More examples (parallel runs, dataset streaming, Langfuse logging, Phoenix dataset sync, prompt manifest diffs, etc.) live in the [User Guide](docs/USER_GUIDE.md).

---

## Run Modes (Simple vs Full)

EvalVault exposes two presets so beginners can execute an evaluation with a single command while advanced users retain every flag.

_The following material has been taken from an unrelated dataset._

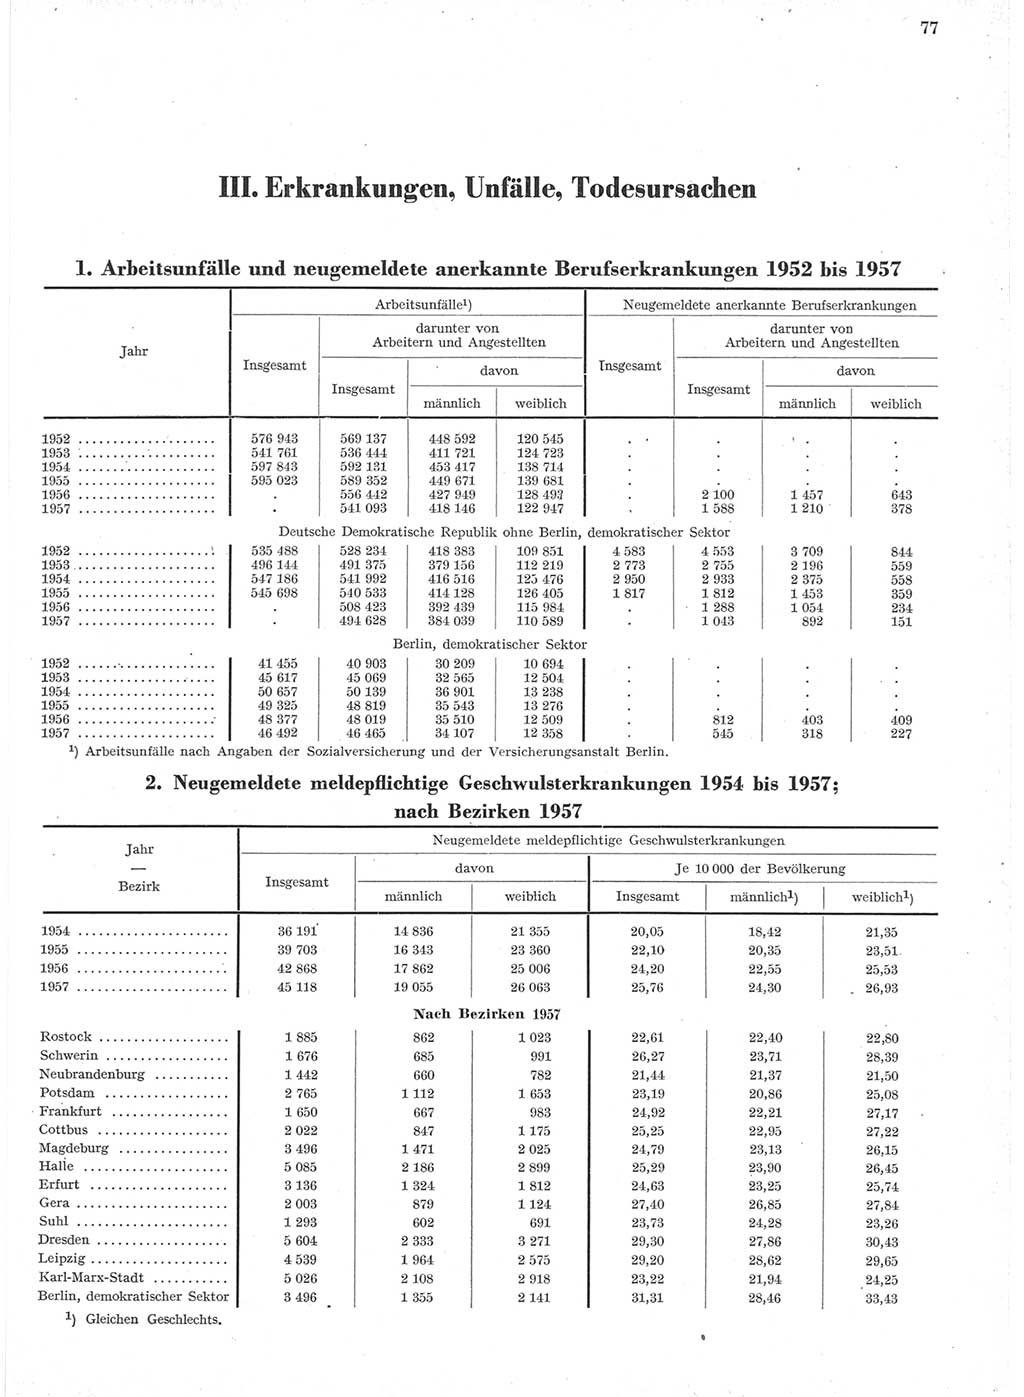 Statistisches Jahrbuch der Deutschen Demokratischen Republik (DDR) 1957, Seite 77 (Stat. Jb. DDR 1957, S. 77)

| Mode | Shortcut | Preset | Ideal for |
|------|----------|--------|-----------|
| **Simple** | `uv run evalvault run --mode simple DATASET.json`<br>`uv run evalvault run-simple DATASET.json` | Locks `faithfulness,answer_relevancy`, forces Phoenix tracking, hides Domain Memory & prompt manifest knobs. | First run, demos, non-experts |
| **Full** | `uv run evalvault run --mode full DATASET.json`<br>`uv run evalvault run-full DATASET.json` | Restores every advanced option (Domain Memory, Phoenix dataset/experiment sync, streaming, prompt manifests). | Power users, CI/CD gate, observability-heavy runs |

```bash
# Simple mode (dataset + optional profile only)
uv run evalvault run-simple tests/fixtures/e2e/insurance_qa_korean.json -p dev

# Full mode with Phoenix + Domain Memory extras
uv run evalvault run-full tests/fixtures/e2e/insurance_qa_korean.json \
  --profile prod \
  --tracker phoenix \
  --phoenix-dataset insurance-qa-ko \
  --phoenix-experiment gemma3-prod \
  --use-domain-memory --memory-domain insurance --augment-context
```

- `uv run evalvault history --mode simple` (또는 `full`) keeps CLI reports focused.
- Streamlit **📊 Evaluate** now includes the same mode toggle and surfaces a “Mode” pill on **📄 Reports** to make comparisons obvious.

---

## Documentation
- [User Guide](docs/USER_GUIDE.md): installation, configuration, CLI recipes, Web UI, Phoenix, automation.
- [Architecture](docs/ARCHITECTURE.md) & [C4 Diagram](docs/ARCHITECTURE_C4.md): design details.
- [CHANGELOG](CHANGELOG.md) for release history.

---

## Contributing

PRs are welcome! Please read [CONTRIBUTING.md](CONTRIBUTING.md) and run `uv run ruff check` + `uv run pytest` before submitting.

---

## License

EvalVault is licensed under the [Apache 2.0](LICENSE.md) license.